No. We focus on the details. Although, we look at valuation, we didn't put it on here but we looked at valuation all kinds of ways, as we try to think about this -- and we have over the years. And we simply don't think that the gap is there in the way that some people might perceive. We think that this while -- we take your point clearly DCF is not something that's super calm as pretty -- on for midstream companies. And we're pretty in line. And actually look pretty good. So, we struggle, I need to see that there's some arbitrage there that was obviously missing.

J
Jim Murchie
Energy Income Partners

But on a P/E basis you guys clearly traded a discount relative to those concrete that are midstream companies, right? Is there a reason in your business -- like is there something I'm missing in terms of why your P/E would be depressed relative to the other -- the volumes and grades, some of those other guys?

J
Jeff Holman
Chief Financial Officer

I don't think I'm prepared to go into a lot of that on P/E, because we don't -- and frankly none of our investors ever bring up P/E with this either. So, it's hard for us to suddenly think about it, maybe in this terms.

L
Louis Lazzara
Energy Income Partners

Well, that's kind of the issue, right? That's the issue. The investors that hold you are through funds that are getting liquidated every day and the people that can't buy you, because you issue a K1 and 1099, who buy and sell things on PE and growth rates and earnings stability are the people that would change your valuation.

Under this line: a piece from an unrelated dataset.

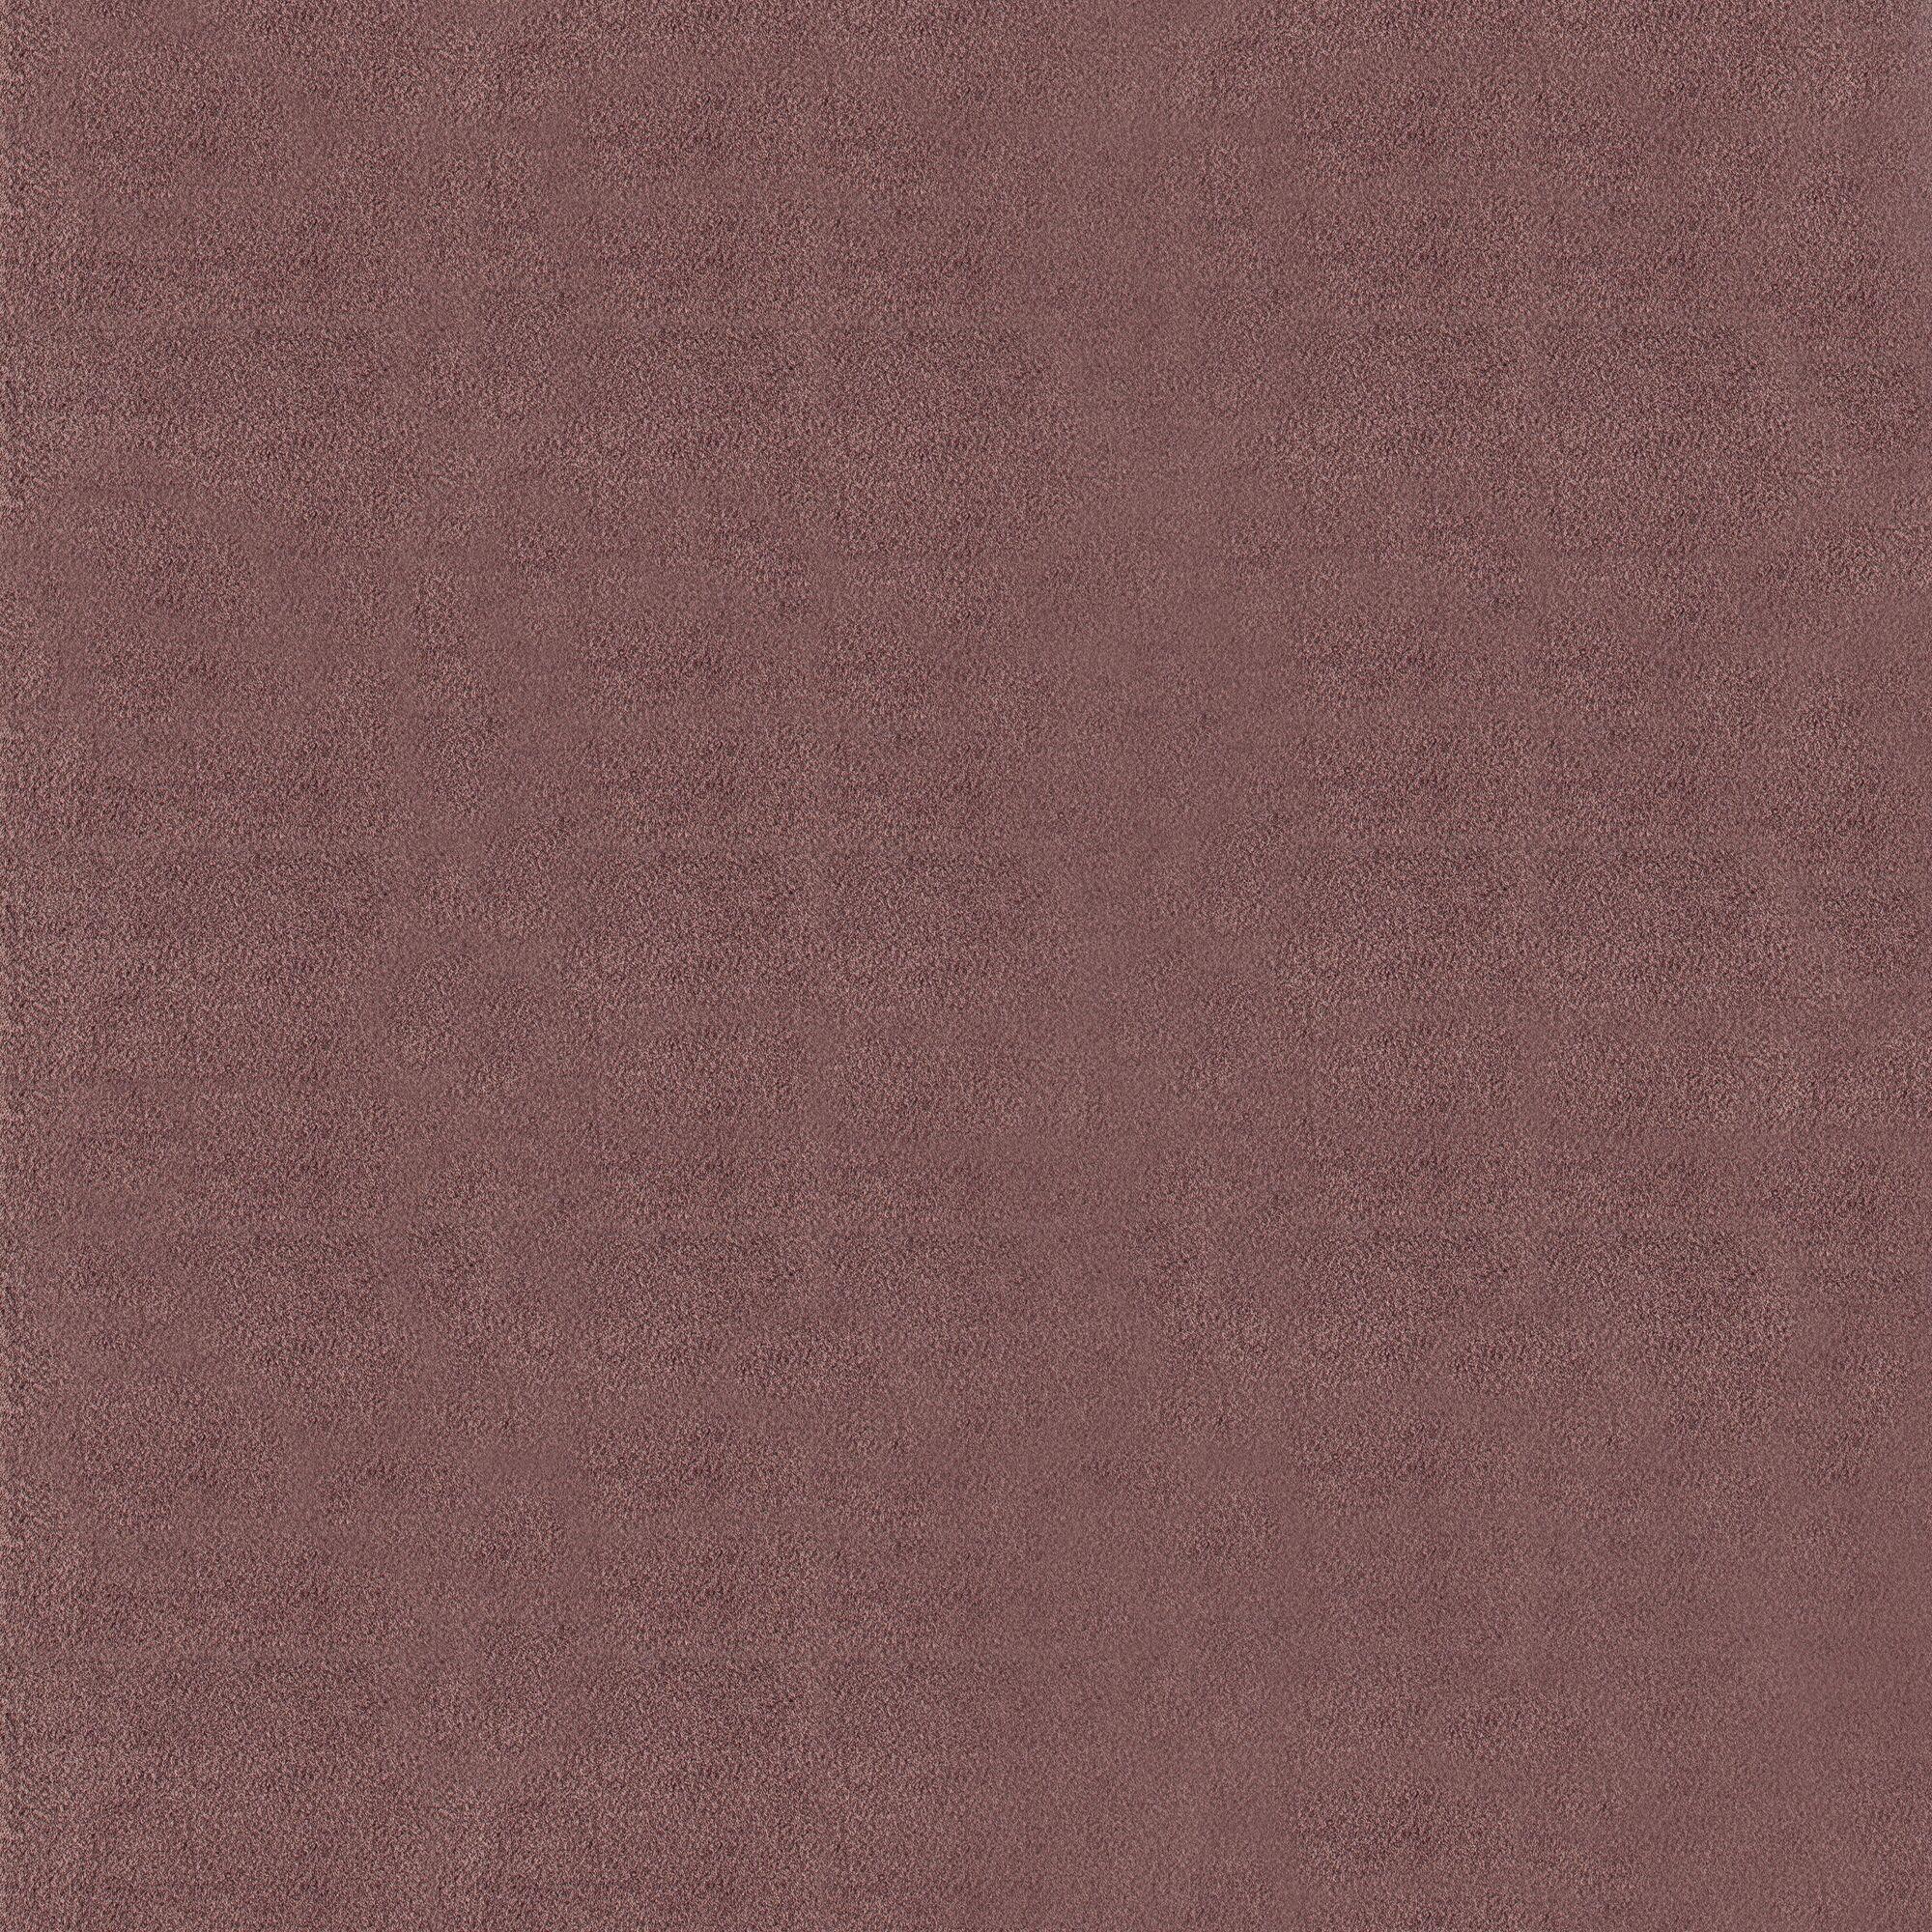 Rangel Carmine Area Rug Rug Size: Square 7' 10
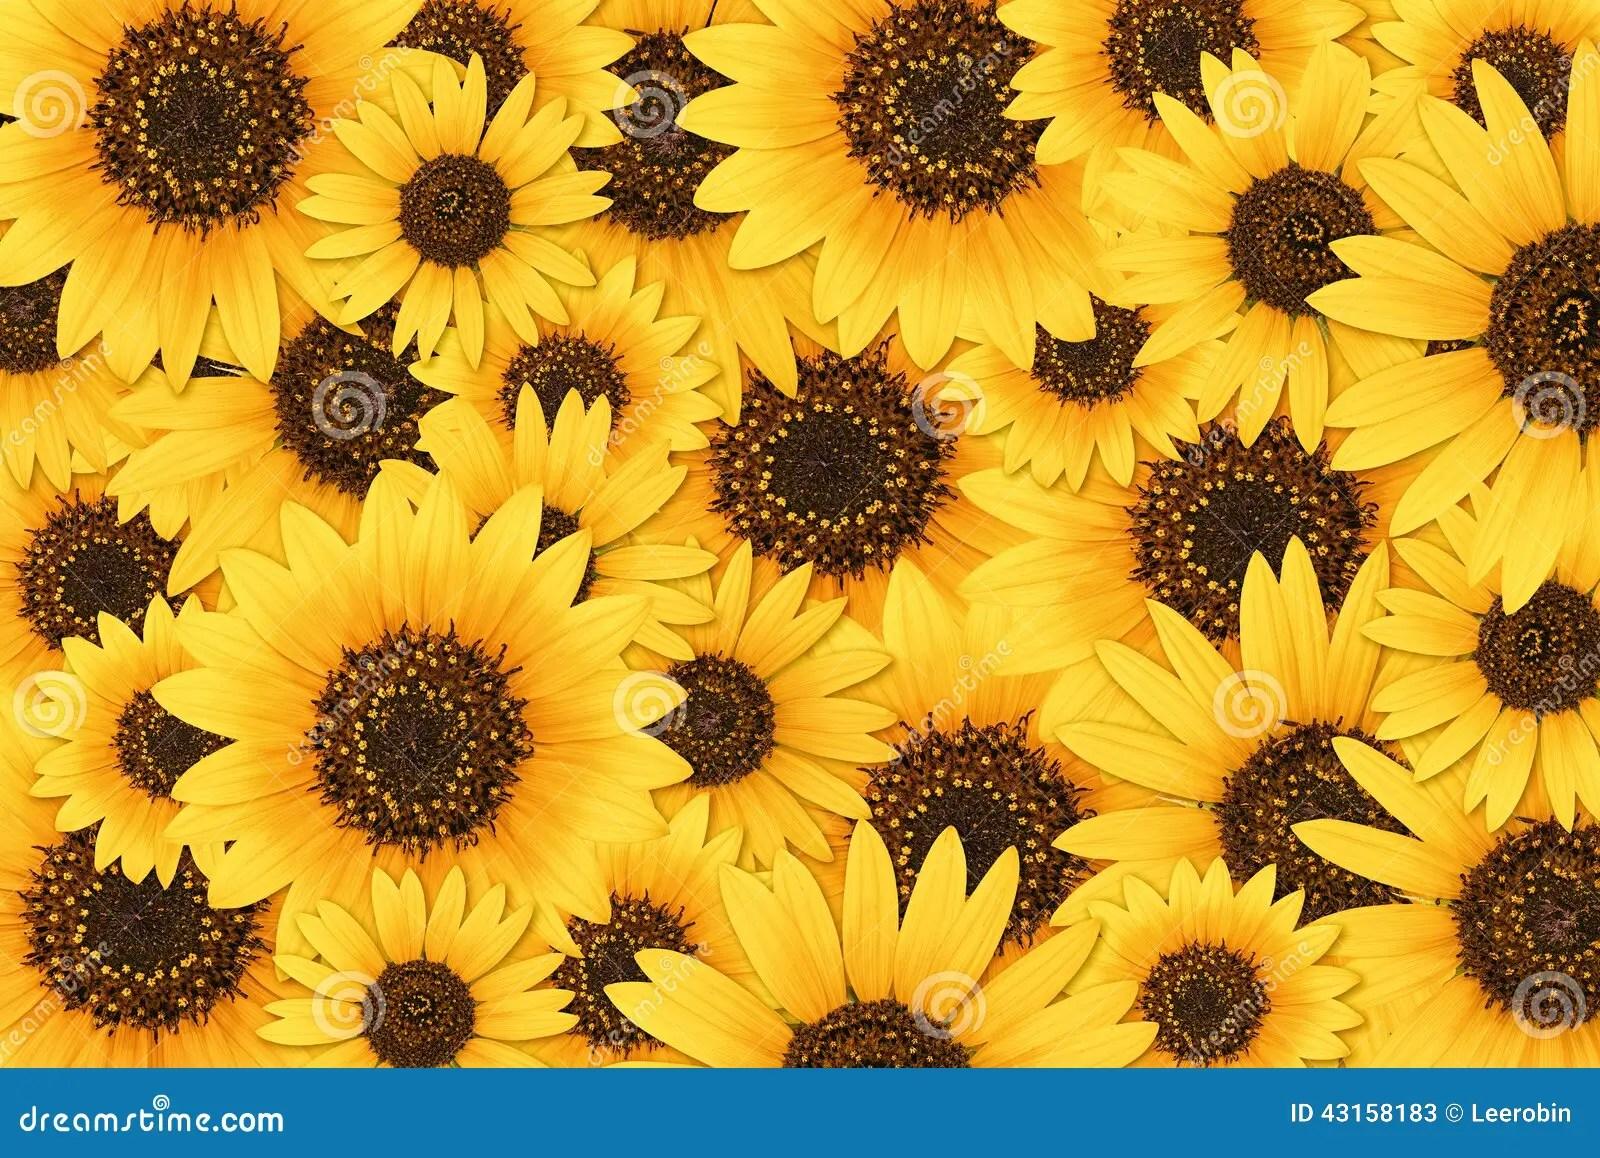 Fall Sunflower Desktop Wallpaper Sunflower Background Stock Image Image Of Helianthus

The people that own you that you're talking to can't possibly change the valuation, they already own you. It's only the new people that can change the way the stock is priced and they can't buy you, so long as you issue a K-1. So that's why we make that point. You get into the world of the S&P 500, it's -- DCF is not the metric.

M
Mike Mears
Chief Executive Officer

Just in the essence of time, I think, it would be better for us just to have this conversation one-on-one. And we want to have this conversation. So I'm not trying to push up. I just think that we need to move on and let's schedule a call, so we can talk about this in more detail, if that's okay with you.

L
Louis Lazzara
Energy Income Partners

Sure. Yes.

M
Mike Mears
Chief Executive Officer

All right.

L
Louis Lazzara
Energy Income Partners

Yes. Thanks.

M
Mike Mears
Chief Executive Officer

Thanks.

Operator

And those are all the questions we have at this time. Mr. Mears, I'll turn it back to you.

M
Mike Mears
Chief Executive Officer

All right. Well, I want to thank everyone for their time today and I want to thank you for your interest in Magellan and we will talk to you soon.

Operator

Ladies and gentlemen, that concludes our conference today. We thank you all for your participation. Have a great rest of your day and you may disconnect your line.